UK law and Scottish Government policy remains to drill every last drop from the North Sea, which would triple emissions from oil and gas.

Maximising Economic Recovery

The shared UK and Scottish Government policy towards the North Sea Oil field is called MER (maximising economic recovery”). As the Watershed report states:

“Oil and gas licensing and regulation are reserved to the UK Government. The UK 1998 Petroleum Act introduced the principle objective of “maximising the economic recovery of UK petroleum”. This principle is supposed to direct UK energy policy, and govern the activities of petroleum licence holders, operators, infrastructure owners and developers – all of whom are legally obliged to maximise economic recovery.”

“The OGA strategy entered into force in February 2021, and is an updated version of the MER strategy: it reiterates the objective of MER then simply tacks on the government’s commitment to net zero, as if they weren’t in open conflict. The strategy states that to assist meeting the net zero target, “the OGA encourages and supports industry to be proactive in identifying and taking the steps necessary to reduce their greenhouse gas emissions as far as reasonable in the circumstances”. This is token at best, as illustrated by the vague caveat, non-binding language and sole focus on the industry’s emissions from extracting oil and gas, while ignoring the far greater emissions from its use (see 2.5). Thus, licence holders and operators are only required to reduce emissions from flaring, venting and power generation for the purposes of extraction.”

Commenting, Scottish Greens climate spokesperson Mark Ruskell said: “This report from Friends of the Earth is timely, as it comes just weeks before Scotland hosts the COP26 climate summit. But it also comes as a welcome reminder to the Scottish Conservatives that their energy policy is stuck in the 1970s.”
“This report underlines exactly what global science, the International Energy Agency, the United Nations and many nations have already acknowledged – that we cannot continue to expand oil and gas extraction in a climate emergency. Instead of providing a sustainable future and alternative jobs for communities, the Scottish Tories would rather call this overwhelming evidence ‘extremism’.

“We already have more oil and gas in current production than we can safely burn to keep to our climate commitments. The Scottish Greens are clear there can be no more expansion, starting with scrapping the Cambo oil field.”

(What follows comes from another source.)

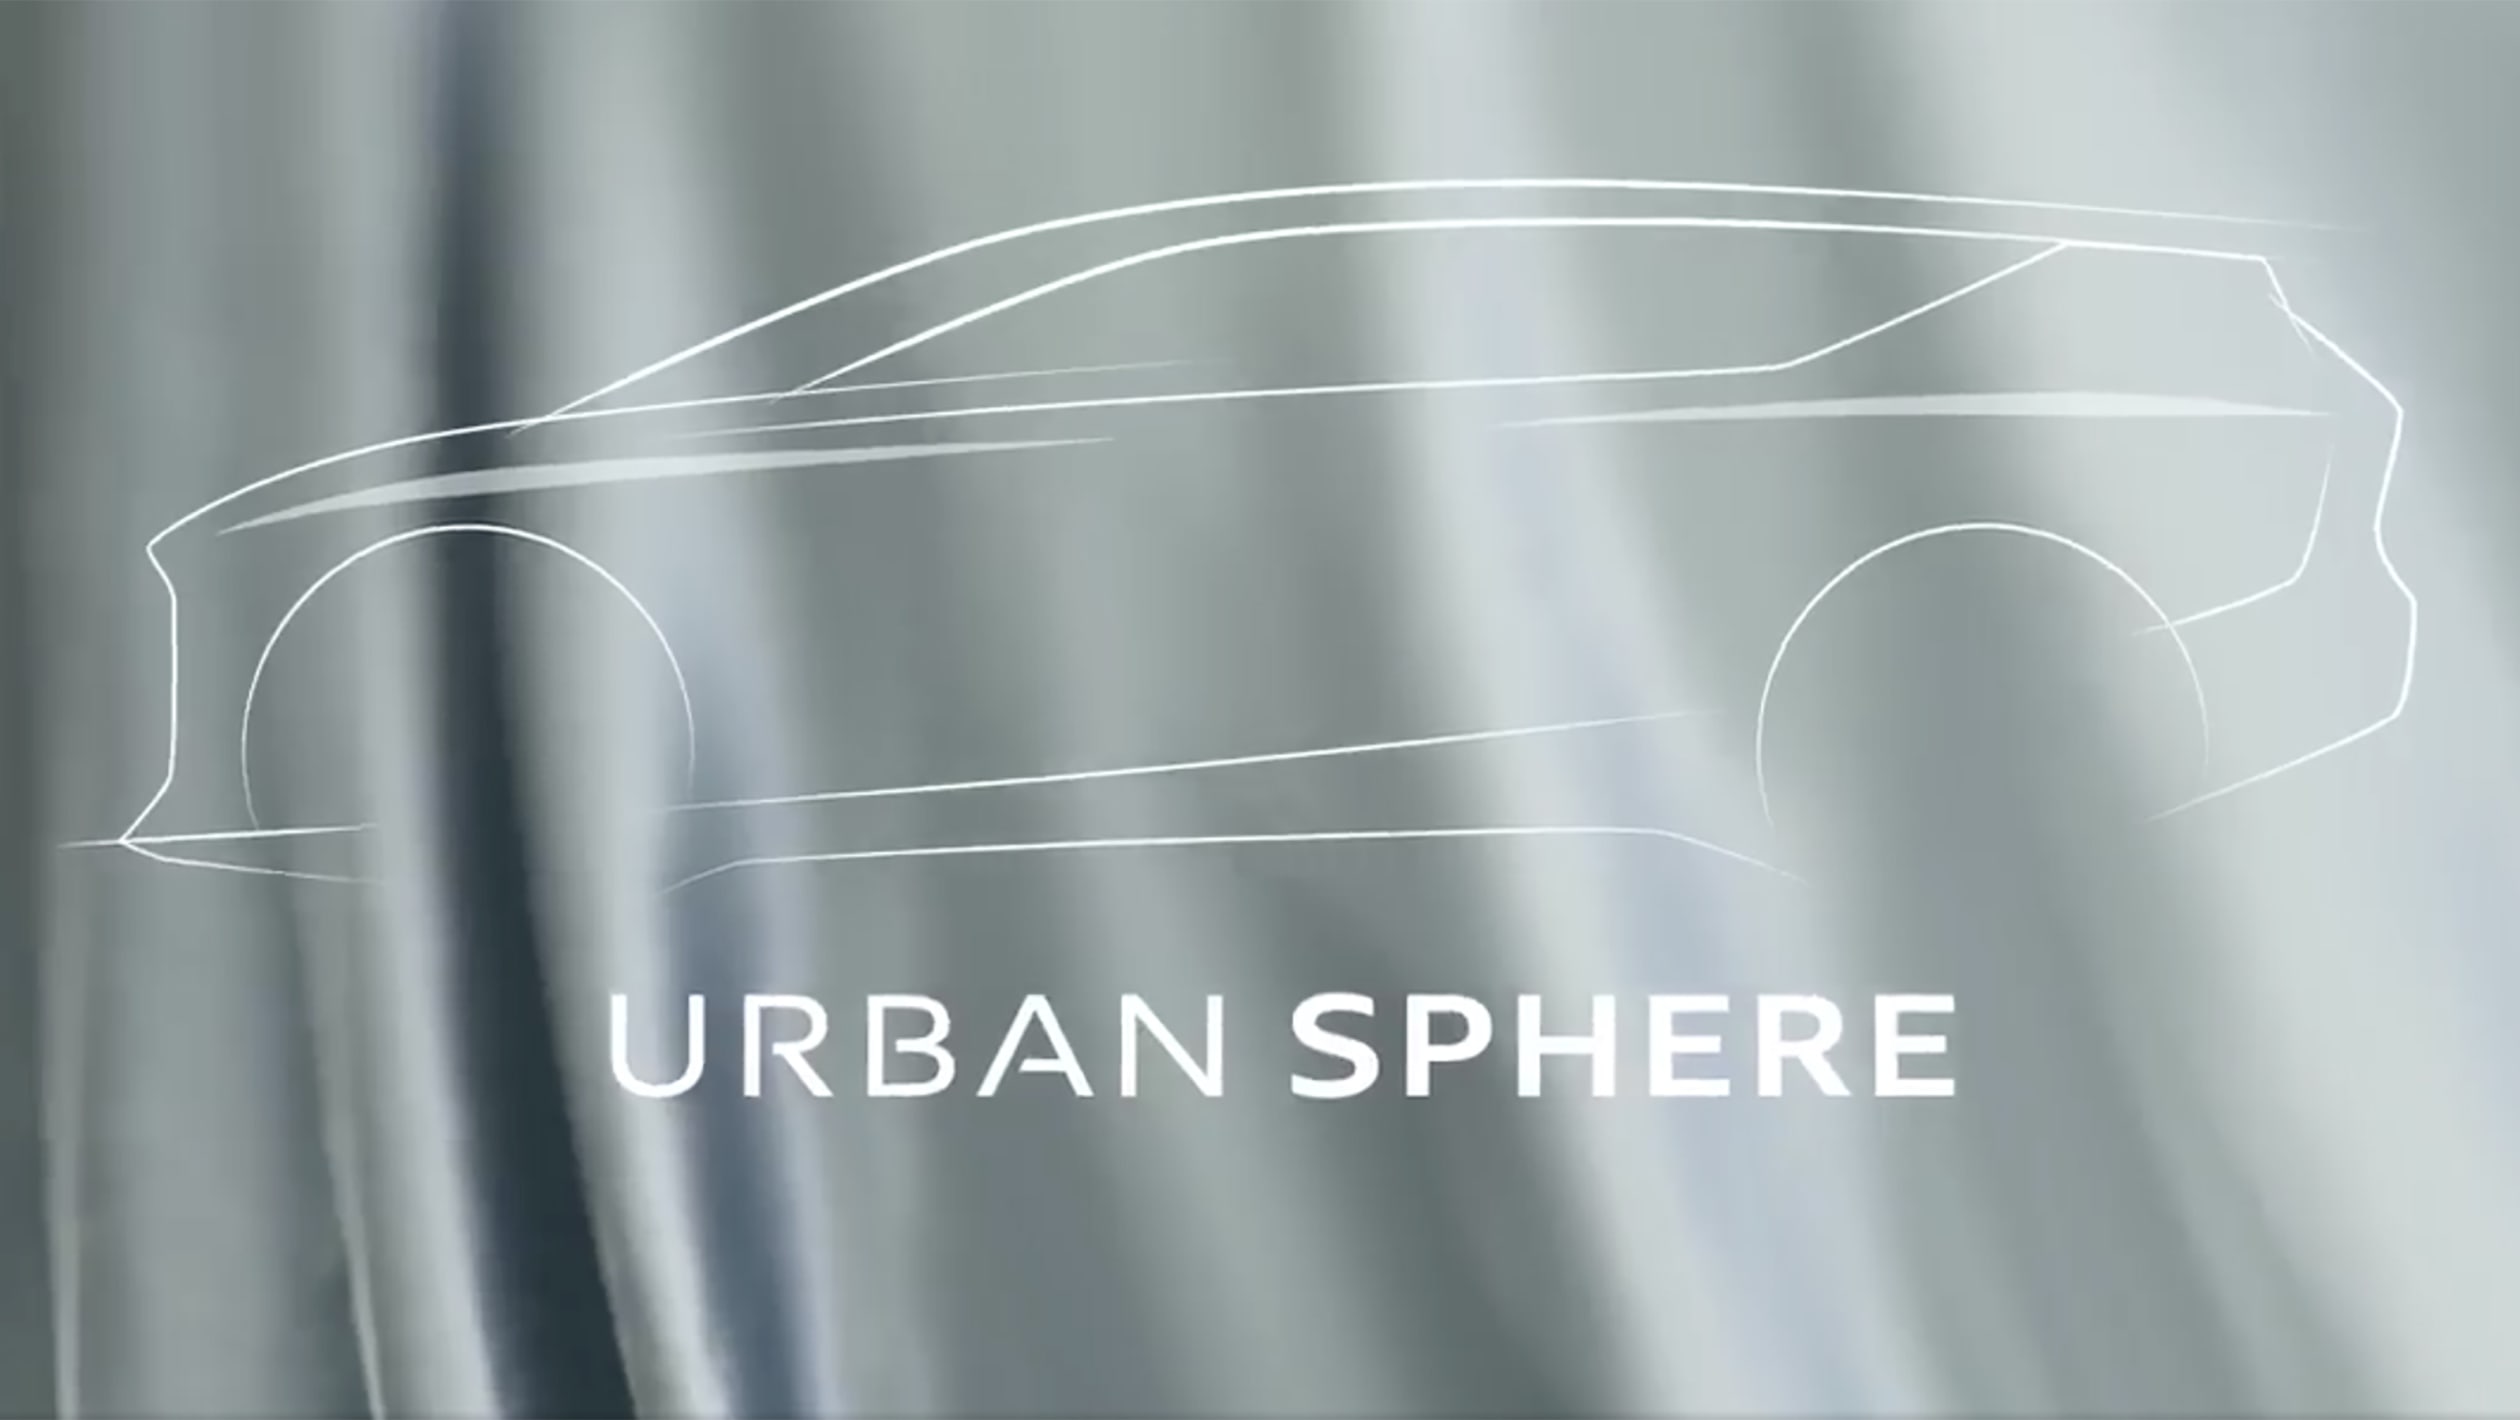 Audi Sphere concept car teaser images 4

On the same day the Climate Action Tracker issued a new update. in which they state: “Almost all developed countries need to further strengthen their targets to reduce emissions as fast as possible, to implement national policies to meet them, and to support more developing countries to make the transition. Developing countries also need to update their targets and policies, but also show a pathway for how they could also reduce their emissions as fast as possible if they were supported financially – and to clearly indicate the support they need.”

 

 

 

China Syndrome

Routine as these reports are, this is a critical embarrassment for the Scottish Tories but also a real challenge to the SNP and Greens.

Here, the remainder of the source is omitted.